Michael and I like to experiment when we cook, bake bread or make pickles. Sometimes of our creative endevours are successful such as our exotic herbs and vegetables, crotcheted blankets, jewelry and home tied flies for fishing My son cut down a huge black walnut tree, a friend brought over a portable saw mill and cut it into rough boards which my husband planed and sanded and used to build a gorgeous countertop. Making things from stuff at home rather than buying the factory generated versions is less expensive and usually tastes, looks or functions better.
Of course,every creative endeavour was not always successful and some were total disasters. For example my soap making project filled the entire house with a horrible stench as I rendered the lard. The odour permeated our clothes, skin and hair, drapes, furniture... Thank God it wasn't freezing outside because everything and I mean everything had to be aired or washed. Looking back, I have decided that our pioneers must have done this stage of soap making outside -over a fire.
One of our better ideas was to make wine the old fashioned way. We had returned home with a five gallon pail full of choke cherries. We were not quite sure what to do with them because jelly takes so much white sugar. Then inspiration hit- we would make wine.

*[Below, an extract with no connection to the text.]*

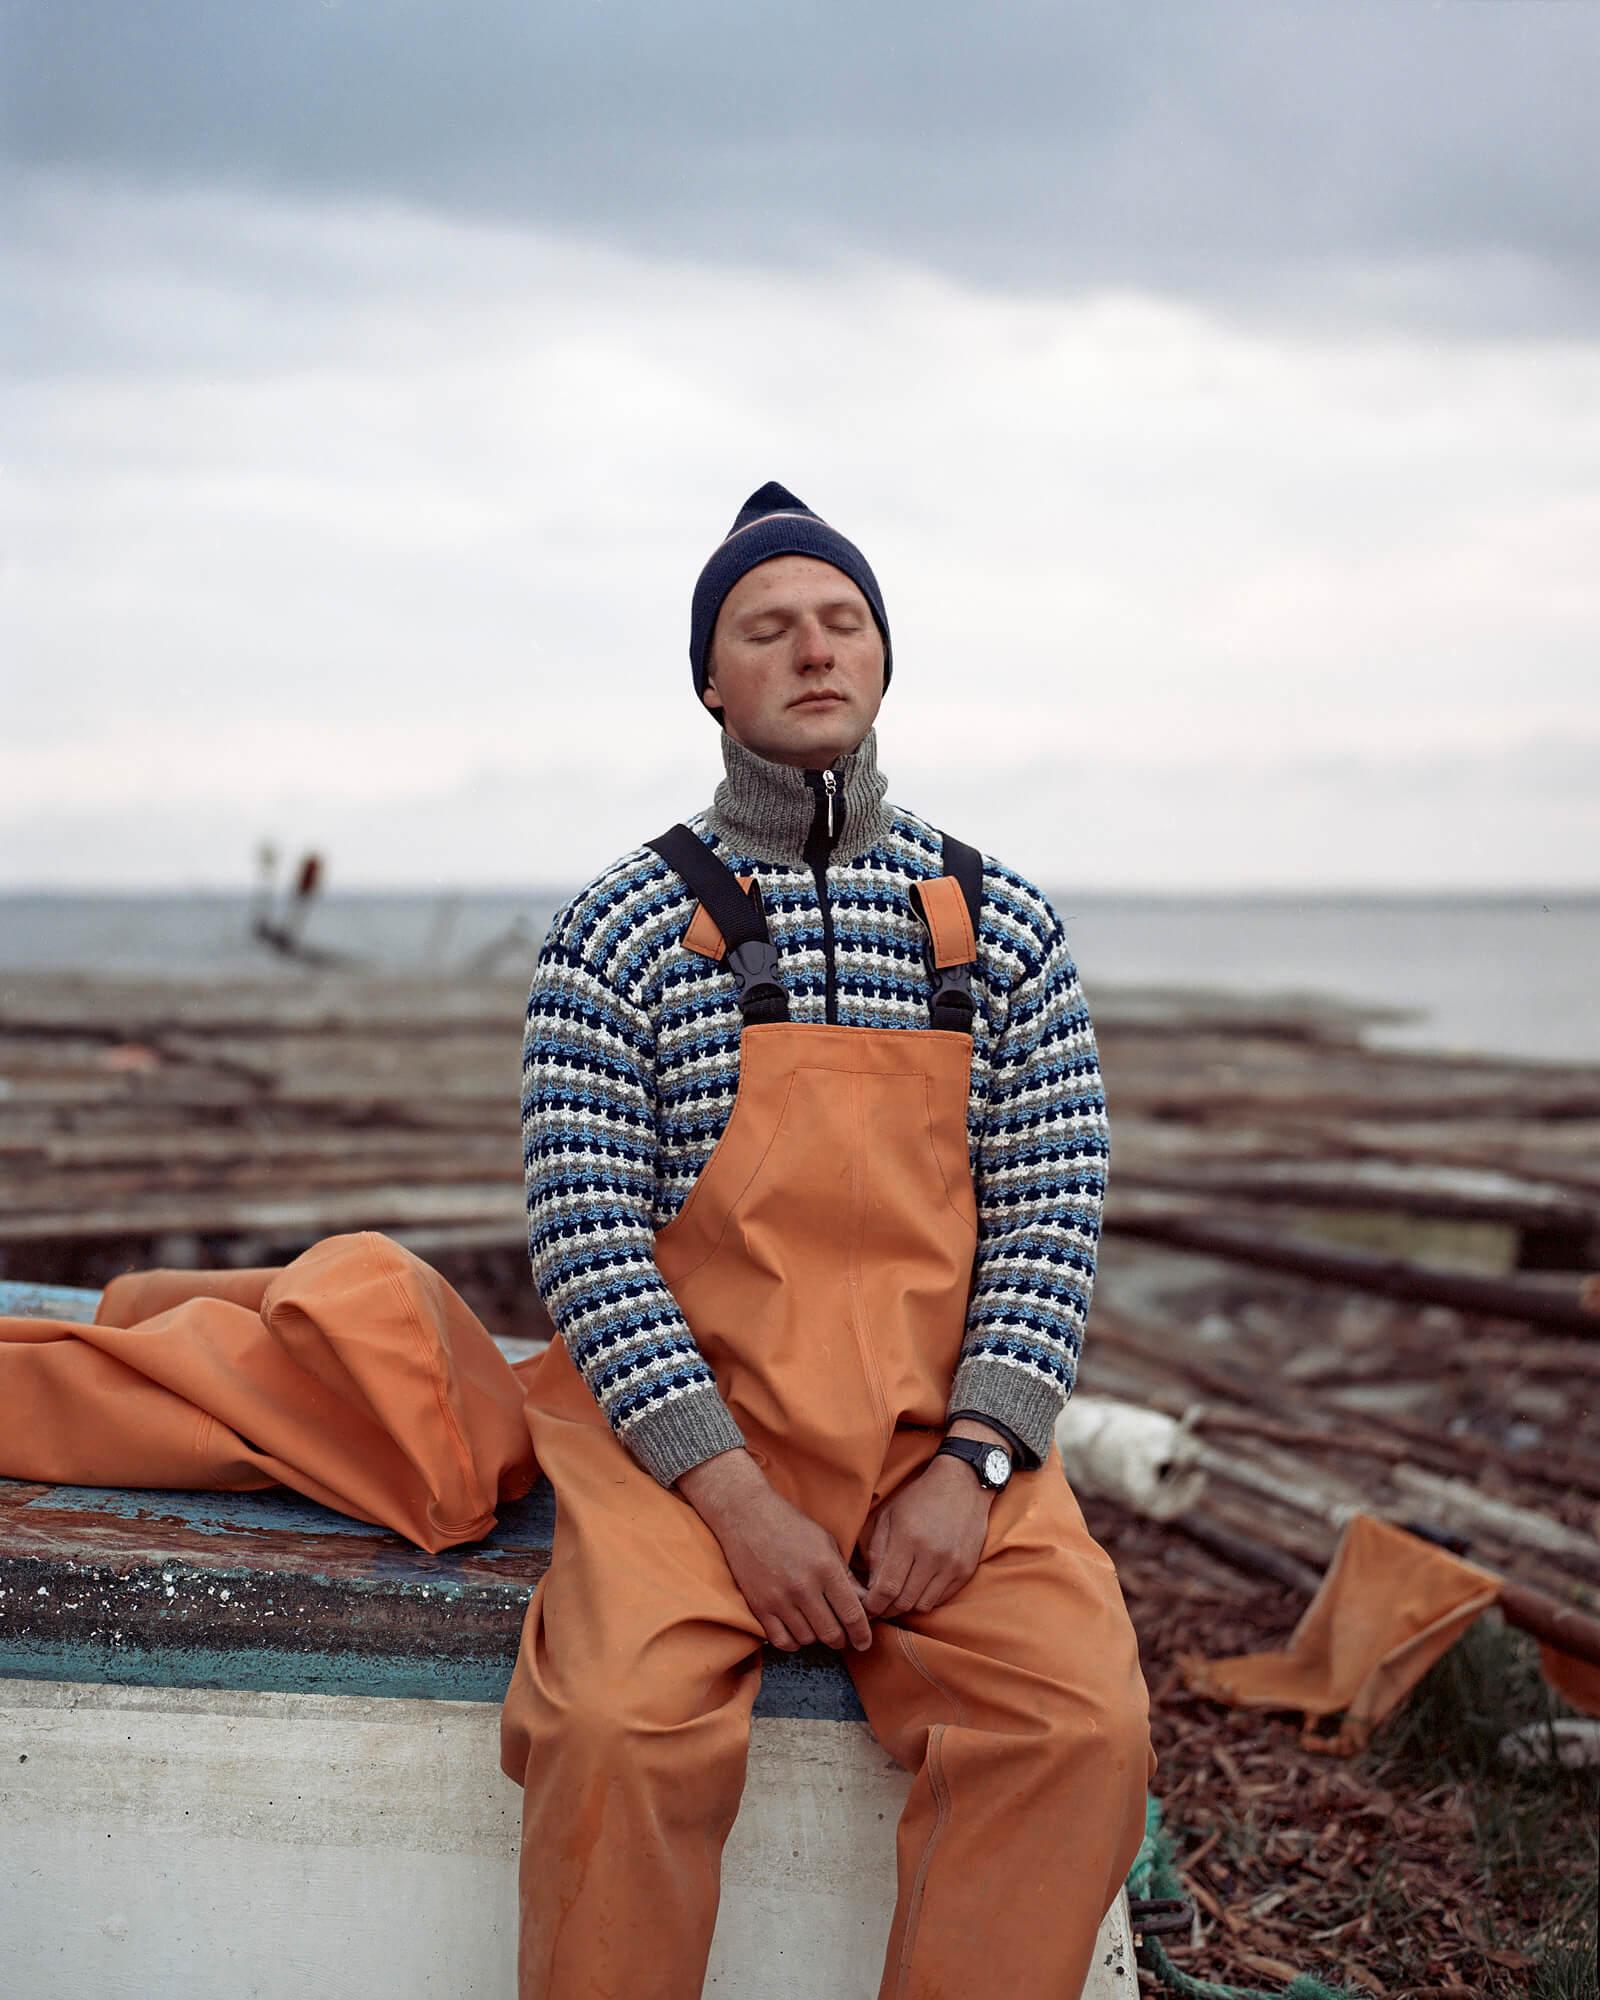 Tadas Kazakevicius - Between Two Shores fisherman on beach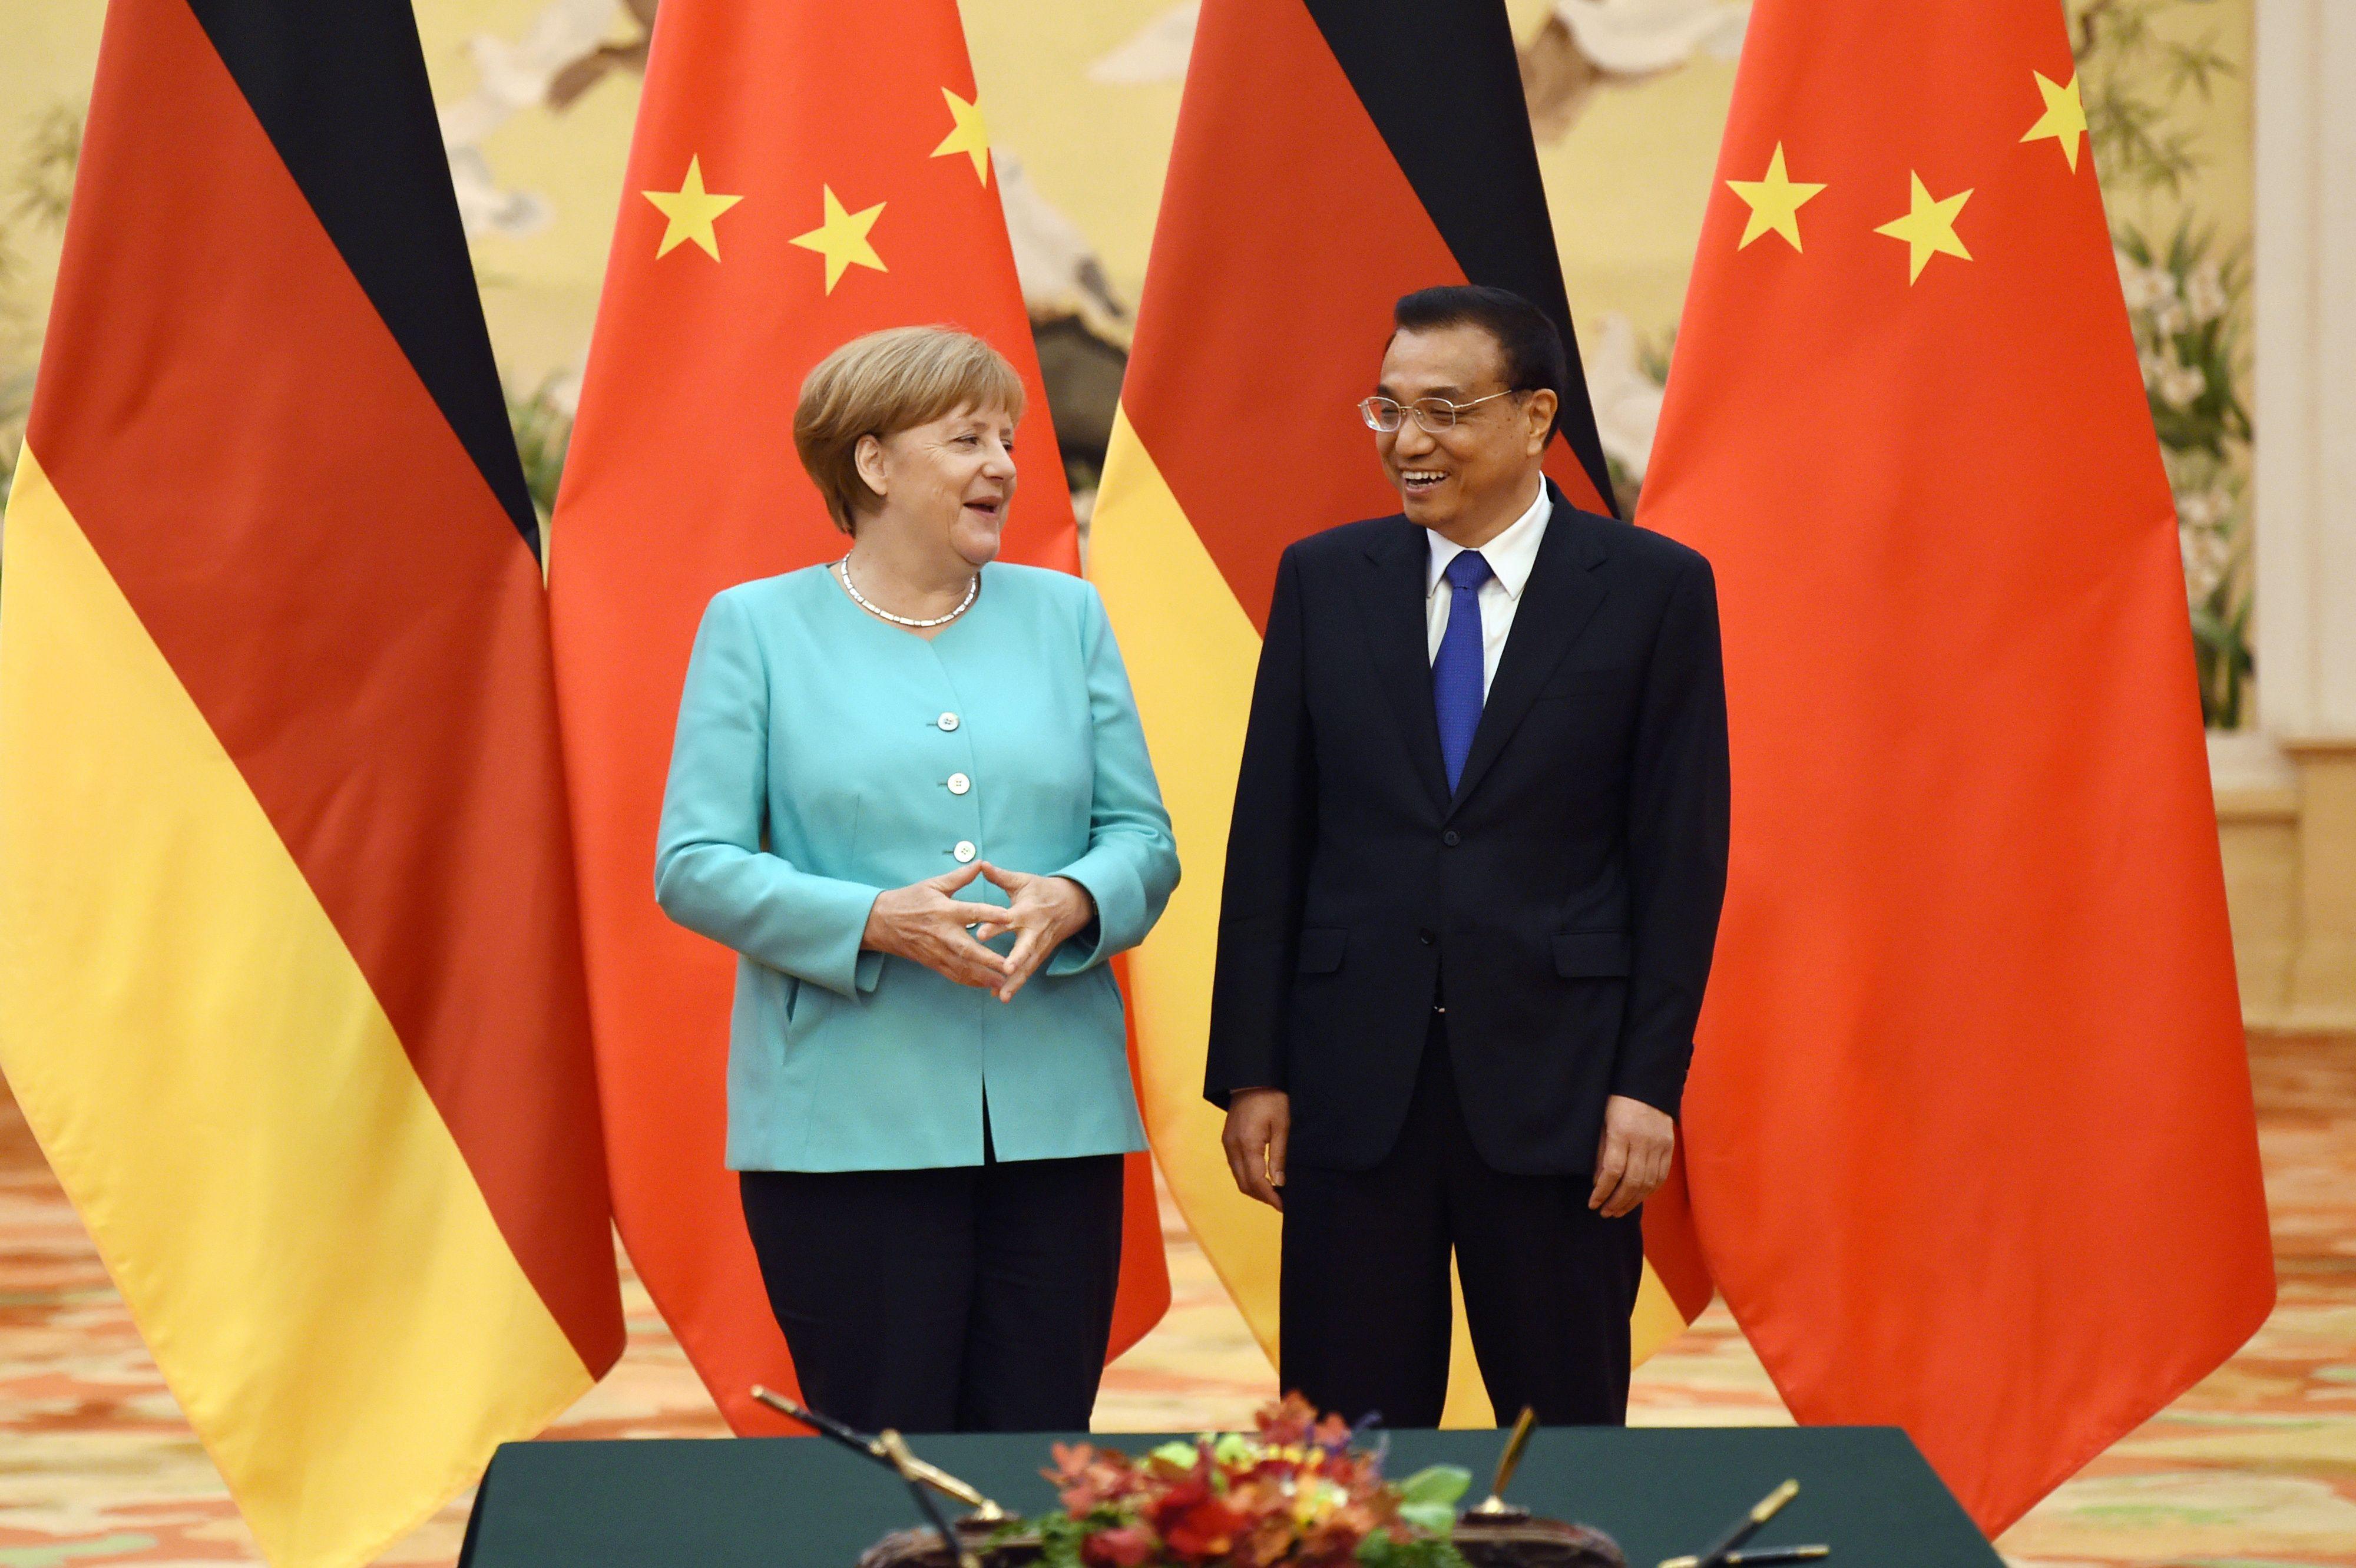 Comment le rapprochement Etats-Unis/Royaume-Uni pourrait bien provoquer celui de l'Allemagne et de la Chine

We refrained from squishing the choke cherries with our feet but we did put them in a clean, white pillow case and which we tied to a broomstick. We filled a huge plastic container with juice to ferment. The first bottles of wine were okay but we saved a few to let them age and each time one of these bottles was uncorked, the better the wine became.
Then one evening, nineteen years later, the phone rang. Michael answered.
" Michael, is that you?", his grandmother yelled.
" Hi, Nan.", Michael answered, a little puzzled. This was his devout, church going, grandmother. The one who constantly interceded for her wayward grandchildren, great-grandchildren and even great,great-grandchildren
" I just want to thank-you for giving me that bottle of homemade choke cherry wine.", Nan slurred slightly, "It's been hiding in the back of my pantry for almost twenty years and I have to tell you, it is the best wine I have ever tasted!"
Michael thanked his grandmother then turned to me and explained what had happened. "I don't think Nan is going to leave us any, my husband guessed."
Michael was right. Nan drank the whole bottle; we didn't taste a drop and she still raves about how good it was.